Вампир с огромными руками
(Как у крота! Как у крота!)
Толкает дверь, идет рывками —
Скрипят подземные врата.
 
 
Летят вразнос гнилые доски,
А он, как ржавый автомат,
Подходит к ней и тихо просит
Немного сока пососать.
 
 
Она доверчиво и нежно
Откинет кружевной рукав…
Потом кибитка в поле снежном
И привкус крови на губах.
 
   едленно приоткрылась белая лакированная дверь, украшенная золотой выпуклой паутиной, в центре которой вместо паука теплилась пастушеская сценка. В комнату вошел маленький мальчик в национальной одежде — возможно, румынской, а может быть, гуцульской или молдавской. На голове — была черная курчавая шапка холмиком. Белая, расшитая национальным орнаментом рубаха подпоясана узорным кушаком, поверх рубахи — черная безрукавка, расшитая бисером. Белые штаны заправлены в постолы. Лицо обычное, худое, смугло-бледное, залитое лунным светом.

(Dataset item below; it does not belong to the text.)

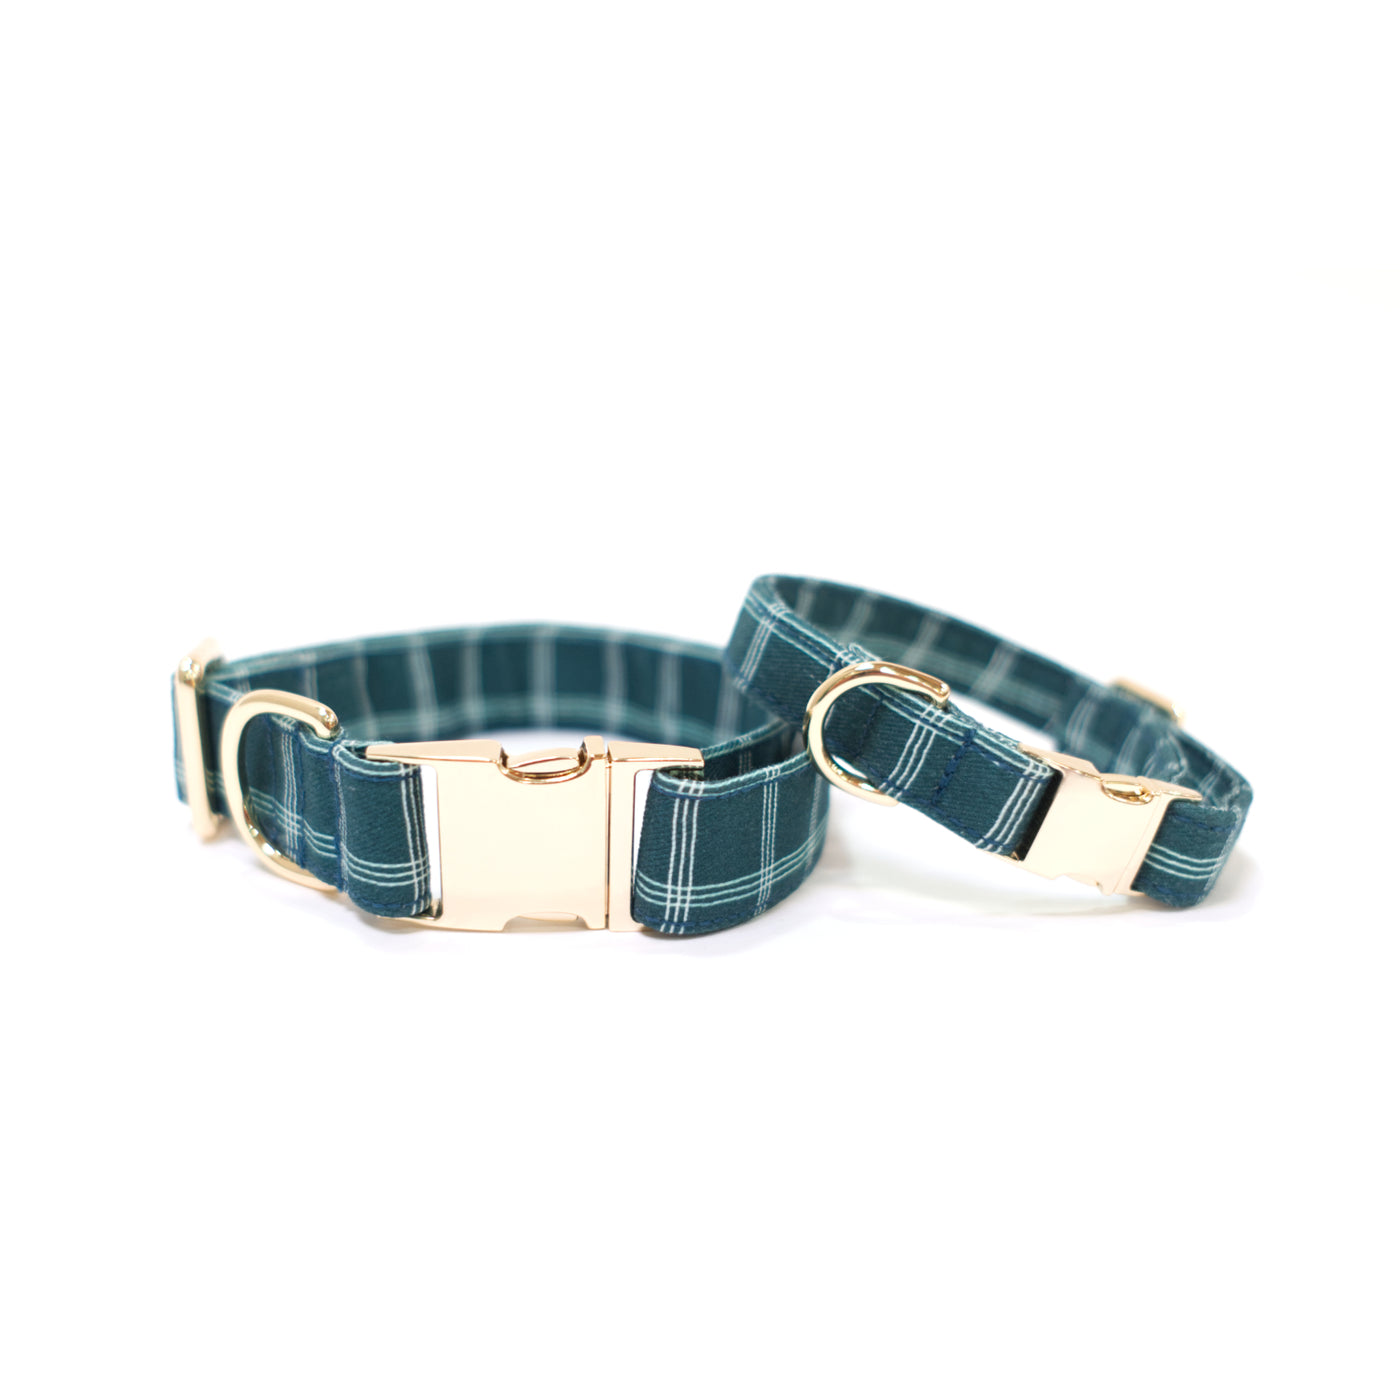 Dark teal windowpane plaid dog collar with gold hardware shown in two sizes

Глаза закрыты.
   «Лунатик!» — подумал Дунаев.
   Мальчик сделал несколько шагов по лунной дорожке и остановился, обратив лицо к высокому окну, где сияла полная луна. Он стоял между двух зеркальных простенков, и казалось, это стоят бесконечные гуцульские мальчики. Его шапка, отражаясь, образовала как бы череду черных стожков, уходящих в зеркальную неисчислимость.
   — Ты кто? Как тебя звать? — громко спросил Дунаев, привставая с кровати. В этот же момент он подумал, что мальчик, наверное, не понимает по русски.
   Мальчик вздрогнул, но бескровное лицо его не отвернулось от луны. Не открывая глаз, он ответил:
   — Гугуце.
   — А, понимаешь по-русски? — обрадовано спросил парторг.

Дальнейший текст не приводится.